US charges Cambodian executive in massive crypto scam and seizes more than $14 billion in bitcoin

NEW YORK (AP) — According to Associated Press, the U.S. government has seized more than $14 billion in bitcoin and charged the founder of a Cambodian conglomerate in a massive cryptocurrency scam, accusing him and unnamed co-conspirators of exploiting forced labor to dupe would-be investors and using proceeds to purchase luxury yachts, private jets and a Pablo Picasso painting.
In an indictment unsealed Tuesday, federal prosecutors in Brooklyn charged Prince Holding Group chairman Chen Zhi with wire fraud conspiracy and money laundering conspiracy. At the same time, U.S. and British authorities imposed sanctions on Chen’s company, which is involved in real estate development, financial services and other businesses, and the Treasury Department declared it a transnational criminal organization.
Chen, 38, is accused of sanctioning brutal violence against workers, authorizing hundreds of millions of dollars in bribes to foreign officials and using his other businesses, such as online gambling and cryptocurrency mining operations, to launder illicit profits.
Chen was the “mastermind behind a sprawling cyber-fraud empire,” Assistant Attorney General John Eisenberg said. U.S. Attorney Joseph Nocella called it “one of the largest investment fraud operations in history.”
Last year, Americans lost at least $10 billion to Southeast Asia-based scams, a 66% increase from 2023, the Treasury Department said, calling Prince a “dominant player” in that space. Chinese authorities have been investigating the company since as early as 2020, according to court records reviewed by the U.S. Institute of Peace.
A spokesperson for the Cambodian government, Pen Bona, did not immediately respond to a request for comment.
J. Daniel Sims, a transnational crime expert at Harvard University’s Asia Center, said that Prince is “an essential part of the scaffolding that makes global cyber-scamming possible,” and Chen is a “central pillar” of the criminal economy intertwined with Cambodia’s ruling regime.
Chen has served as an adviser to Prime Minister Hun Manet and his father, former prime minister Hun Sen, and was honored with the title “neak oknha” — equivalent to an English lord.
“While the indictment and sanctions don’t instantly dismantle these networks, they fundamentally change the risk calculus,” Sims said.
According to the indictment, Prince built at least 10 compounds in Cambodia where workers — often migrants held against their will — were forced to contact thousands of victims through social media or online messaging platforms, build rapport and entice them to transfer cryptocurrency with hopes of big investment returns.
In reality, prosecutors said, it was a swindle. The money was stolen, funneled into other Prince businesses and shell companies and used to pay for things like luxury travel and entertainment, watches, vacation homes, high-end collectables, rare artwork and even a Rolex watch for an executive’s spouse, prosecutors said.
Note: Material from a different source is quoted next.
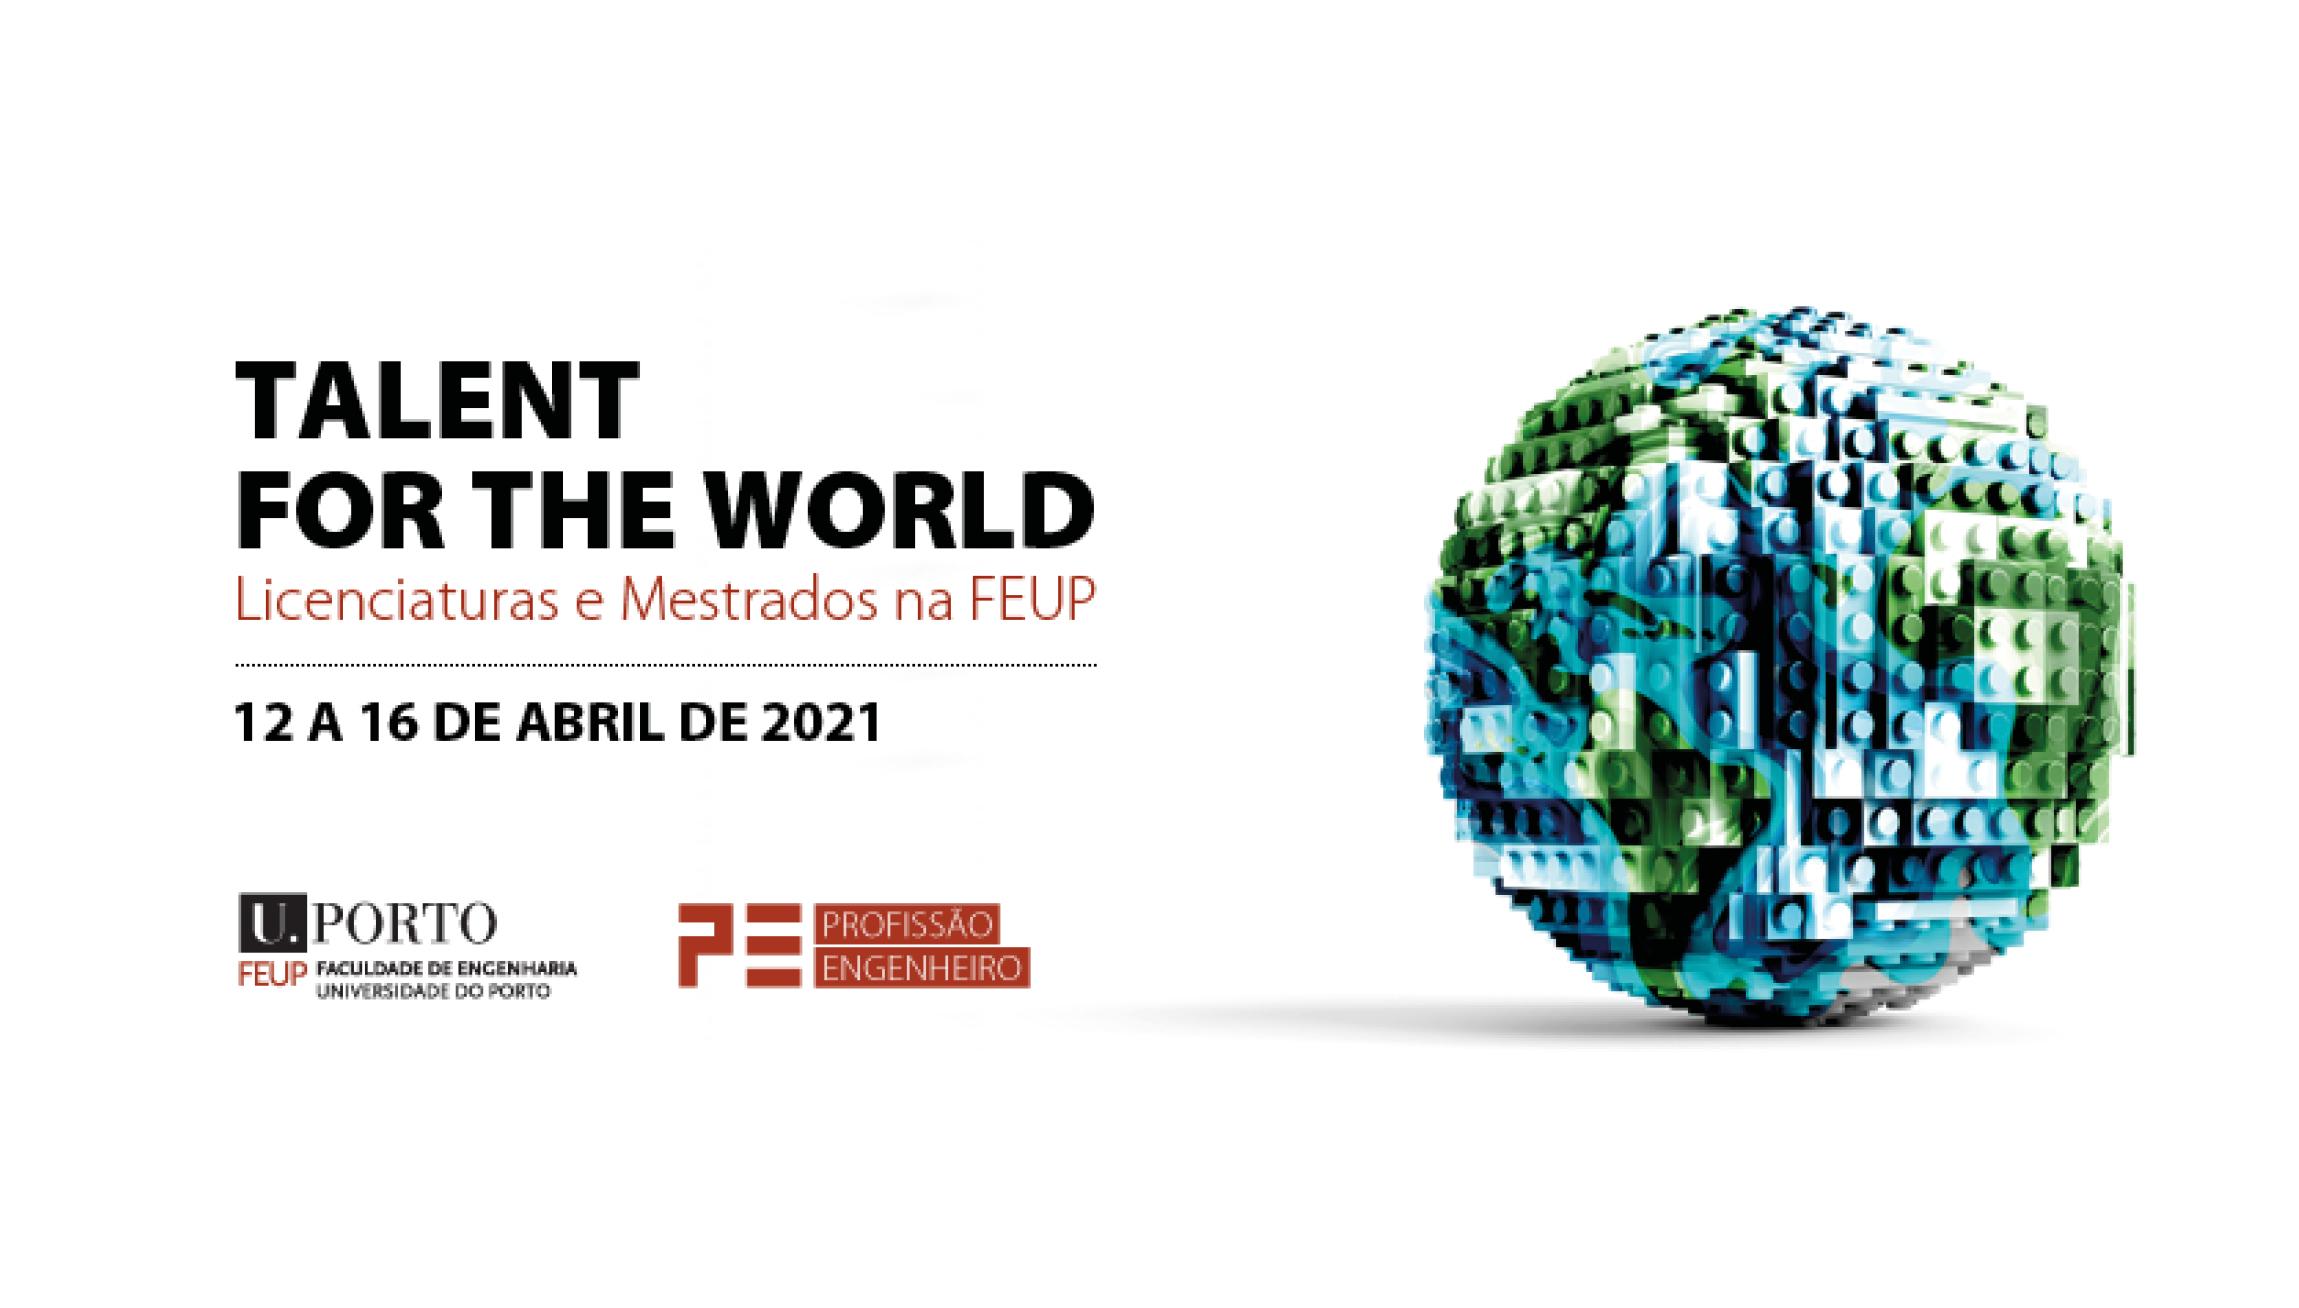 Plataforma Notícias Ordem Engenheiros Região Norte - Talent for The World

The compounds functioned as forced labor camps, with dormitories surrounded by high walls and barbed wire fences, and automated call centers where hundreds of mobile phones controlling tens of thousands of fake social media profiles were lined up on racks, prosecutors said. One compound was associated with Prince’s Jinbei Casino Hotel. Another was known as “Golden Fortune.”
According to the Treasury Department’s sanctions statement, workers at the compounds were held captive, isolated and sometimes beaten after being lured with the promise of high-paying jobs in fields such as customer service or tech support.
Photographs included in Chen’s indictment showed one man with a bloody gash on his face, dozens of men on the ground with their hands bound, and a man with red lash marks on his chest and arms.
Chen personally approved of at least one beating, of a man believed to be causing trouble at a compound, but cautioned that he not be “beaten to death.” People living near Golden Fortune reported seeing escaped workers “beaten until they are barely alive,” the Treasury Department said.
In 2023, the United Nations estimated around 100,000 people were being forced to carry out online scams in Cambodia, as well as at least 120,000 in Myanmar and tens of thousands in Thailand, Laos and the Philippines.
“These actions won’t end the scam economy overnight,” said Sims, the transnational crime expert. “But they shrink its oxygen supply and send a rare message to regimes like Cambodia’s that elite crime as a ruling strategy is a double-edged sword.”